Experiment with Shutter Speed and Motion Blur
The best way to learn photography is to put into practice what you are studying. Try these two practical experiments.
When Does Camera Shake Become a Problem?
With a standard lens on your camera, (one that’s not too heavy,) set it to use Shutter Priority.
Make your shutter speed 1/250th of a second. Photograph a static subject. Next, continue to take a series of photos, each time making your shutter speed one stop slower. Make sure you are holding your camera well so that it’s as stable as possible each time you take a photo. Keep changing your shutter speed and taking photos until you reach a speed of 1 second. If you are using an Olympus camera with 5-axis VCM image stabilization, continue down to as slow as 20 seconds.
Check your series of photos at 100% zoom on your computer. At what shutter speed do your photos become blurry? One stop faster than that speed is the slowest you should handhold your camera at.

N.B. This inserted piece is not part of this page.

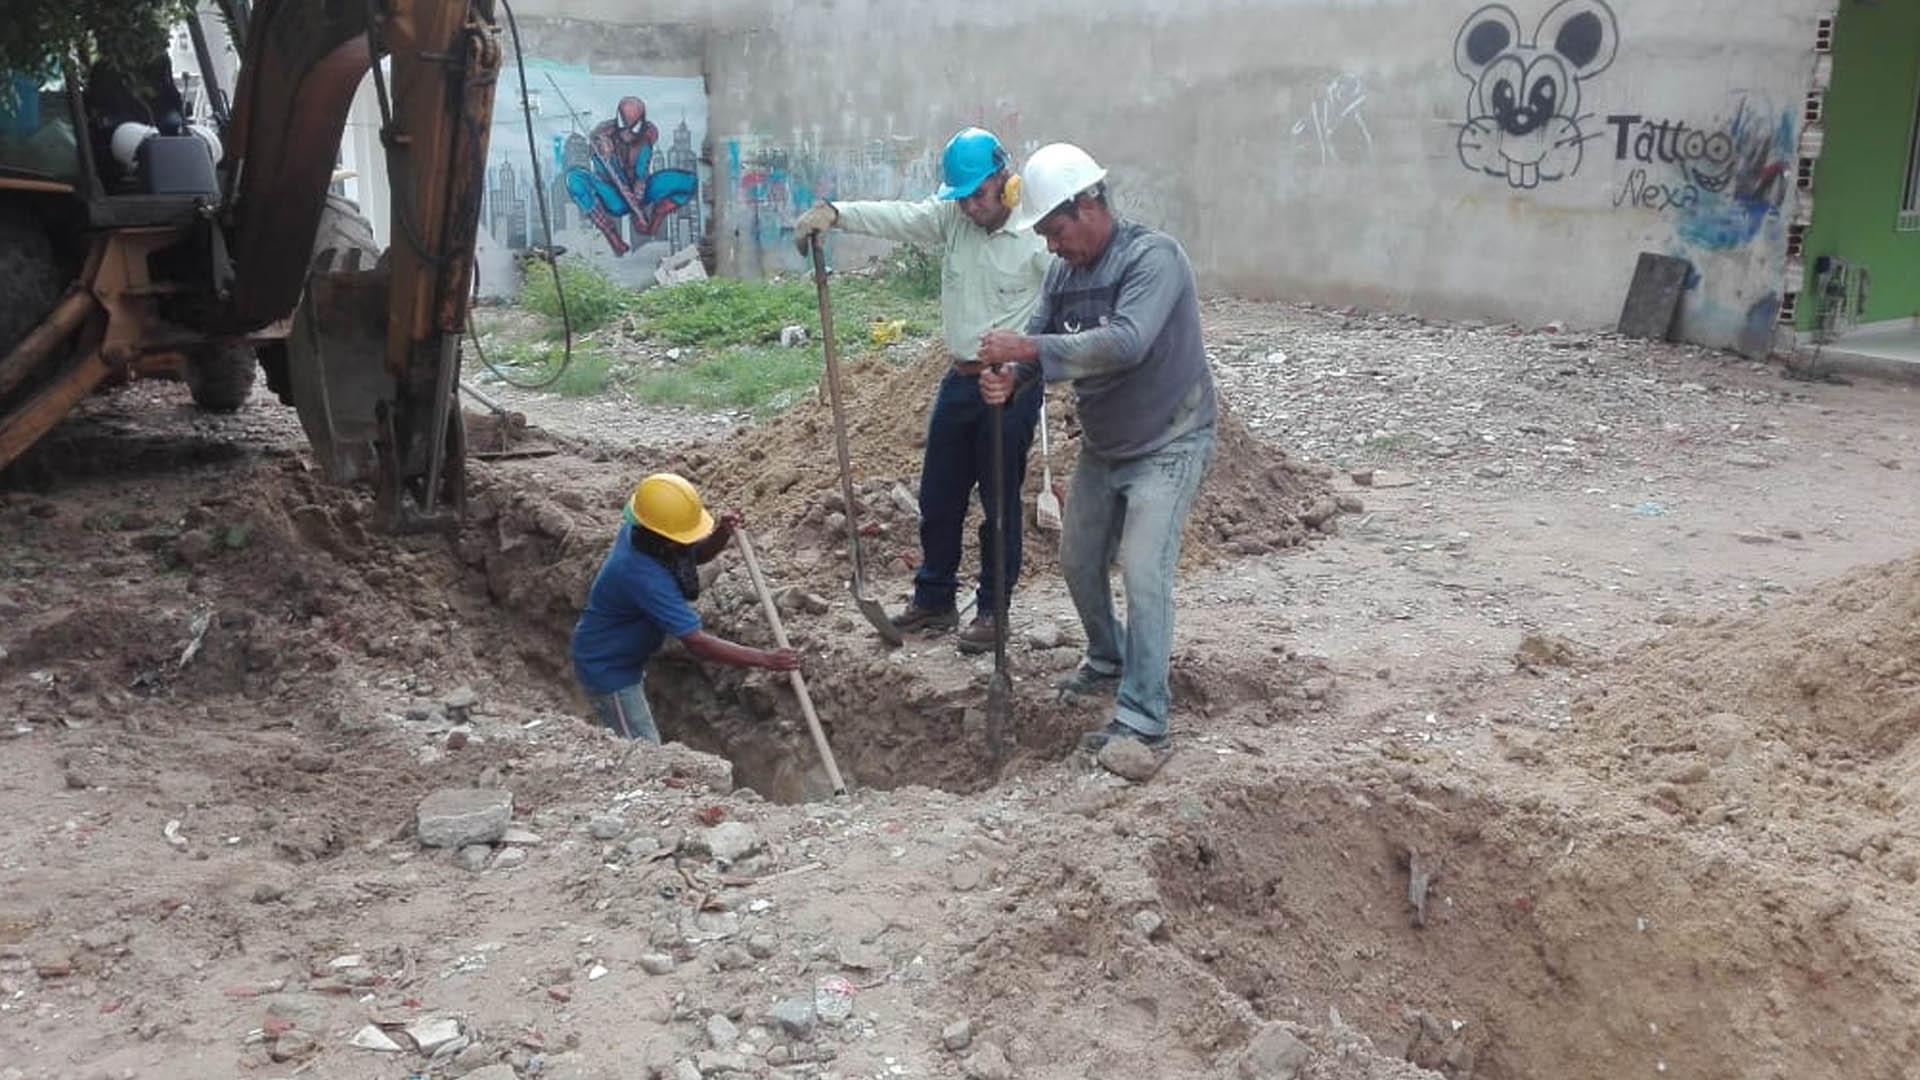 Operarios trabajan en el daño de la tubería de gas en Soledad. |
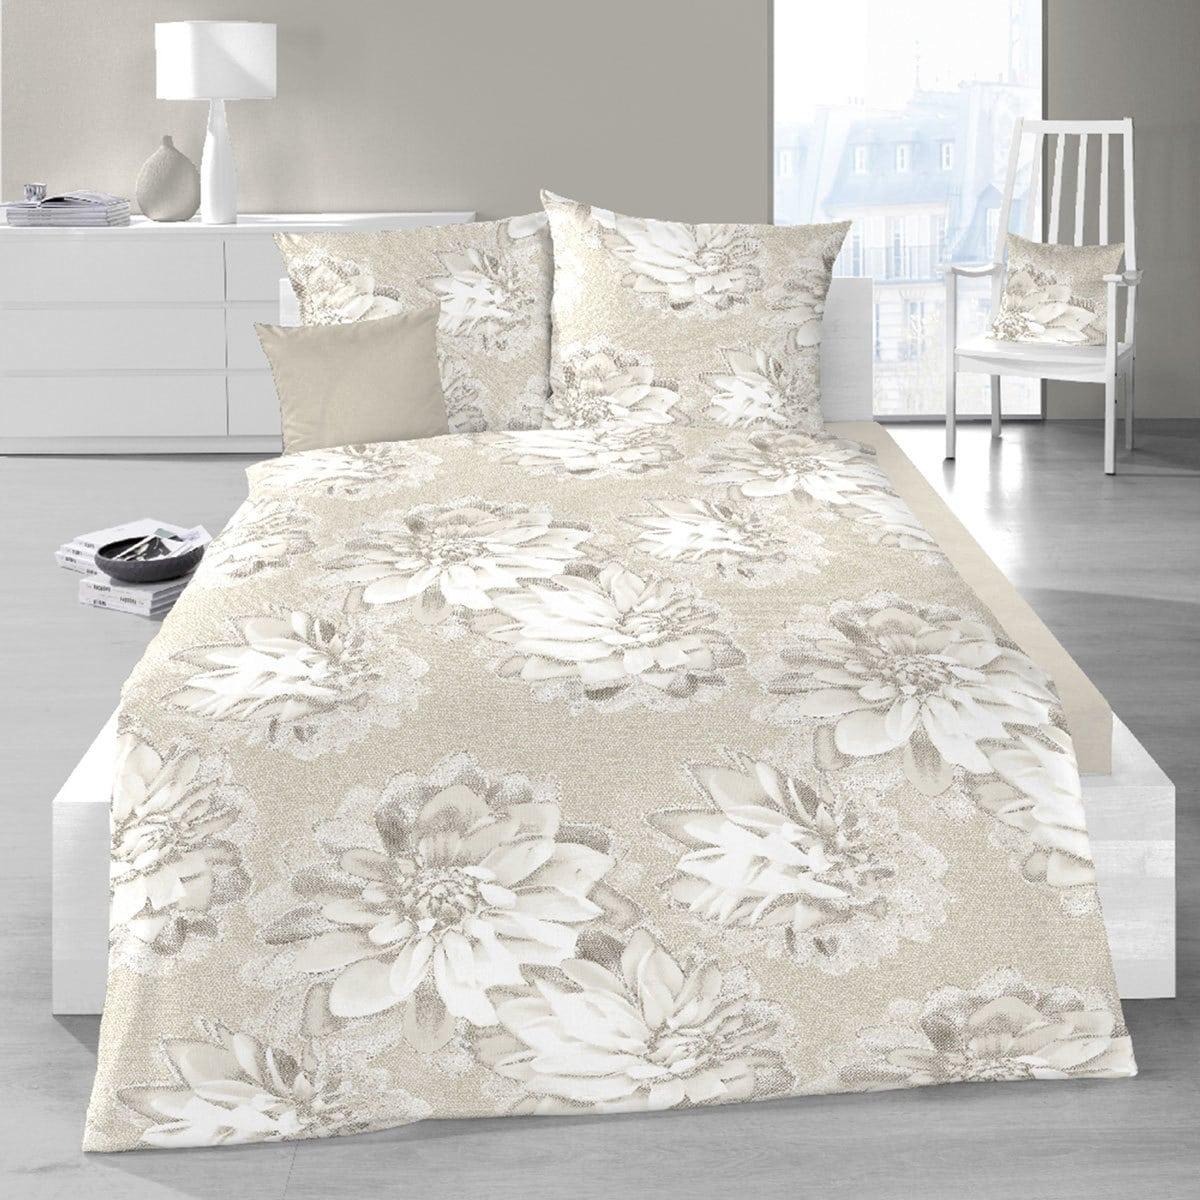 Schlafgut Mako-Satin Bettwäsche Sesimbra natural silk

How Does the Speed of Movement Affect Your Photos?
Using a tripod or with your camera on a stable surface, photograph a number of moving subjects. Try photographing people walking, or dogs running, traffic, a ball bouncing. Any number of subjects which are moving at different speeds.
Take a series of photos of each subject, all with different shutter speeds. This way you will begin to see the relationship between the speed your subject is moving compared to the length of time your shutter is open for. The fast your subject is moving, the faster your shutter speed will need to be to keep it from being blurred.
Bad Blur – Good Blur
Intentional motion blur can enhance the feeling of movement in a photograph. Left to chance, a shutter speed that’s slow will cause problems. Carefully controlled slow speed will produce blurring that brings a picture to life. Waterfalls with the silky softness, panning moving subjects of even portraits with movement around the subject can all be very effective.